The little pissant had backbone, that was certain. And he obviously had a
lifetime of love to give my master for none of it had found a place in this
wretched hovel. I turned to find the family, to my consternation, still
arguing. Several had been banished to chores, but the parents and the
eldest children bickered like badgers. Such disunion and chaos would be a
problem... or an opportunity.
They silenced like a knife dropped as I hobbled through the doorway. I
sighed. I was already their enemy, but that really was not that strange a
position to find myself in. The difference here was, for the first time, I
had no Harcos. I had not his strength of body, of will, of spirit. One
thing I had learned from him, though, was the power of faking it.
I turned to the eldest son who simply glared. "You are Inkar? He took a
moment, as my speech was obviously broken. "Will you walk with me?" He
nodded and moved to me, a flurry of hissing whispers erupting in his
wake. Ayib had chosen an apt metaphor, nest of vipers indeed.
"You are Inkar to the Heathens. I am Strasta. Within the Brotherhood of
Christ, I am Matthaios. Will you honour me with your true name?" He
considered.
"I am Aleti in the fold, my brother Mathhaios. I am the rock upon which I
pray God may choose to build." What a pompous ass. He was smaller than I,
but broad of shoulder. His hands and feet were smallish, and his legs lithe
and limber. Not one for the hard work, this Aleti.
"I sense your leadership, Aleti." Actually, I sensed his obstinacy and
desire for tyranny. He puffed nonetheless. "Tell me of the family that I
may yet choose to join." He was shrewd this one, and I chose my words
carefully.
"Mother is the pillar of faith, but prone to anger. Father is a foundation
upon which the family is built but loses his mastery. I do what I can as a
humble and unworthy servant of the One True God. Ismet will do well for--"
"We will not speak of Ismet or what any think will be good for me, my
brother." He bridled at my tone of warning. "Why does Father not take
additional wives and co-husbands?"
He openly sneered now, "You must be of a heretic band who thinks such
things are permissible. One man and one woman, as Adam had his Eve. Of
course, much allowance must be given as you have obviously been a zanahben
to that fil--" His words ended abruptly with a loud slap across his face.
"Listen to me, you backwoods bastard.
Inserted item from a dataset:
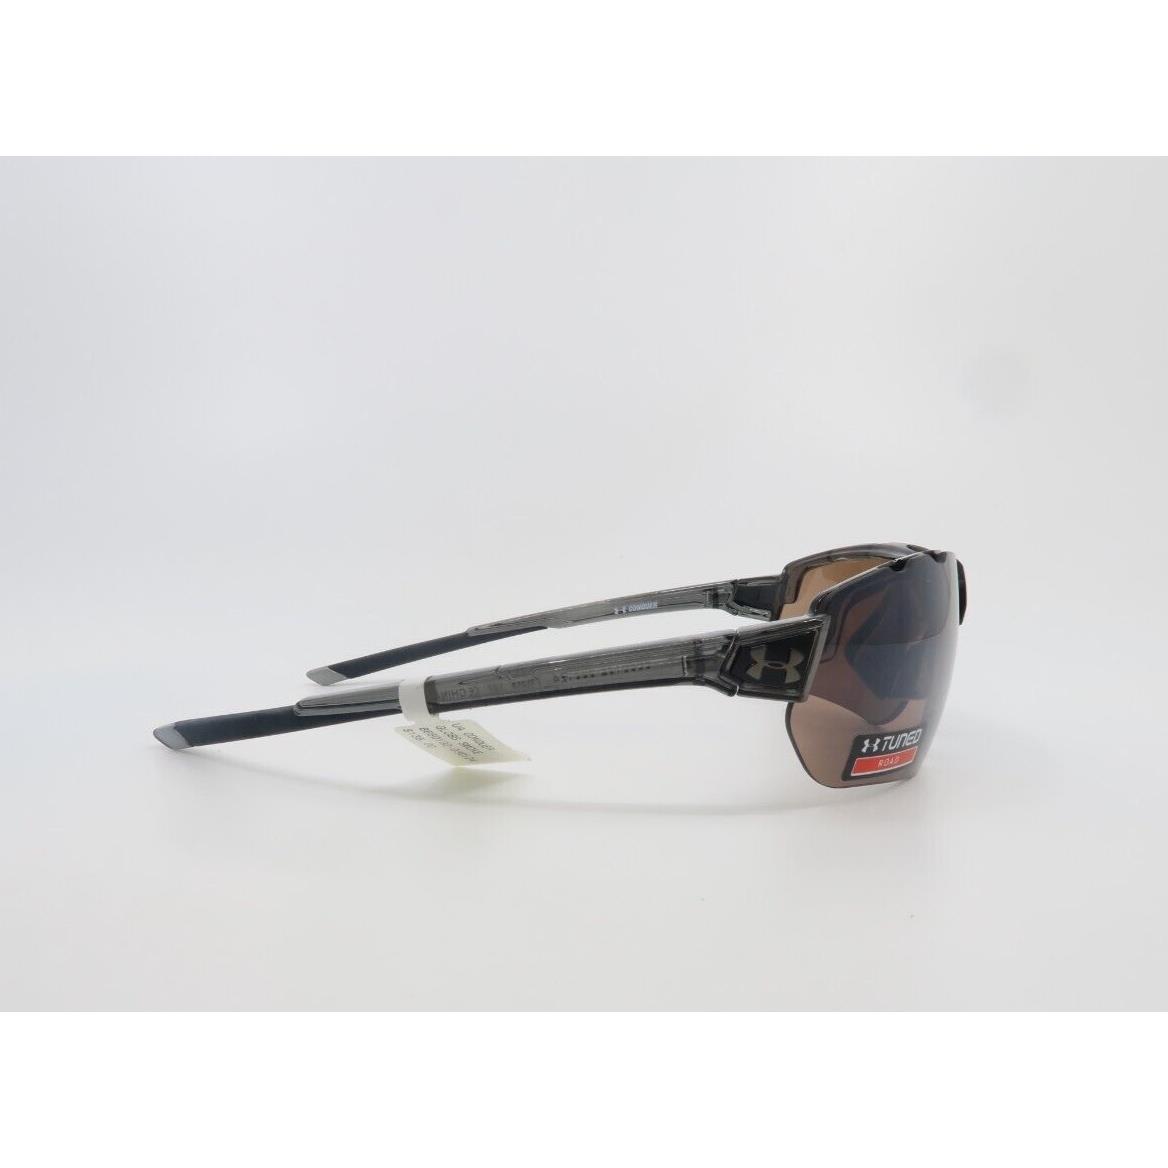 Under Armour sunglasses Tuned Road - Grey Frame, Smoke Brown Lens 5

I have been no one's whore, and
Harcos is one of the most just and holy men I've known even though he has
not yet given himself to Christ's salvation. And do not DARE quote of
Deuteronomy and Leviticus to me, you unlettered prick, while we stand
downwind of the pigs you keep for slaughter and for meat." He stood,
originally outraged and now stunned.
"I may have to hobble to do it, but with God the Father watching my hand I
will gut you and feed your innards and your soul to the unclean creatures
you foster in blasphemy. Preach at me again, you disgusting child, and you
have better be certain that scripture is on your side.
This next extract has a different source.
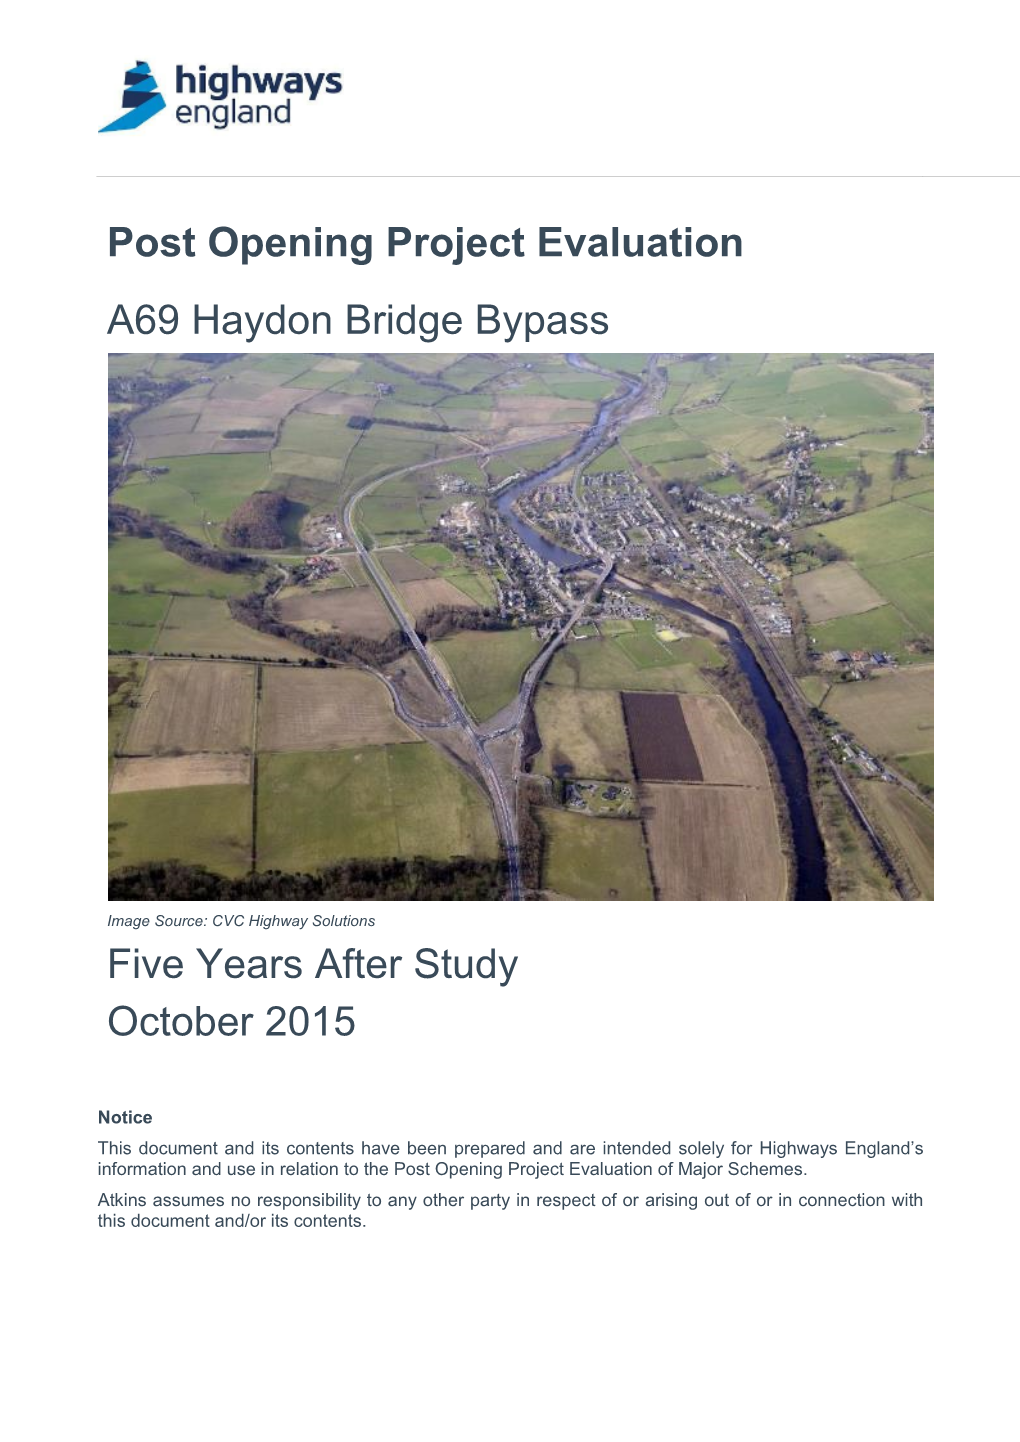 Post Opening Project Evaluation A69 Haydon Bridge Bypass Five Years After Study

I let my voice drop back to calm and business-like, as if an eclipse had
ended as suddenly as it had come, knowing how disconcerting and shocking
such shifts could be. "So, you practice monogamy. It is not forbidden in
scripture, of course, but seems an odd way to fulfil so many of God's
commands. No matter." Aleti's eyes were round orbs, completely at a loss to
follow my shifting and darting topics.
"You are proficient in Christian Love, are you not? Skilled in the arts of
Brotherhood and the sacred joining of congregation?" He stared,
baffled. "You surely share the touch of brotherhood amongst family?"
"T-touch? No, my br-brother. Touch is forbidden. Touch is the tool of the
Great Enemy. We do not touch, ever!" By Noah's holy and productive balls!
Ayib was RIGHT?!? They throw away God's greatest gift and Christ's
most-sacred message, that love MUST be shared between and within and across
and throughout the Flock? That nothing is greater than the Communion and
the holy Congress at the heart of every Christian Congregation. Okay, time
to switch track.
"How many True families are there in this place?"
"O-O-Only ours, M-Matthaios."
"Well, then it would seem monogamy a wise choice... for now. So where is
your wife?"
He stared at me blankly. "M-My wife?"
"You are the eldest son." I explained as if to a slow child... which
appeared to be not far from the mark. "I know for a simple fact that your
younger brother is a man already, so you must be. Where is your wife?"
He flushed and the outrage took the fore, pushing aside his stunned
acceptance of my assumed position of authority. "I have no wife and that is
mete and just! You overstep yourself, 'brother'," the sneer was back, "for
I am the rock upon which God has chosen to--"
"Crap! You, in this little hill encampment, this hovel, are greater than
Adam? Than Noah? Than Abraham and Ishmael? Than Jacob and Joseph? Than
Isaac himself? And that is just in the first book of His Holy Word!" His
jaw was dropped and eyes wide.
"Every one -- EVERY one of them, 'brother' -- was told by God Himself to be
fruitful and multiply! Where are your sons to strengthen the One True
Faith? Where are your daughters to bring for new life? YOU MOCK THE ONE
TRUE GOD!" He gawped at me. I felt a smile grow within me that I hid
beneath the fiercest scowl Harcos ever taught me.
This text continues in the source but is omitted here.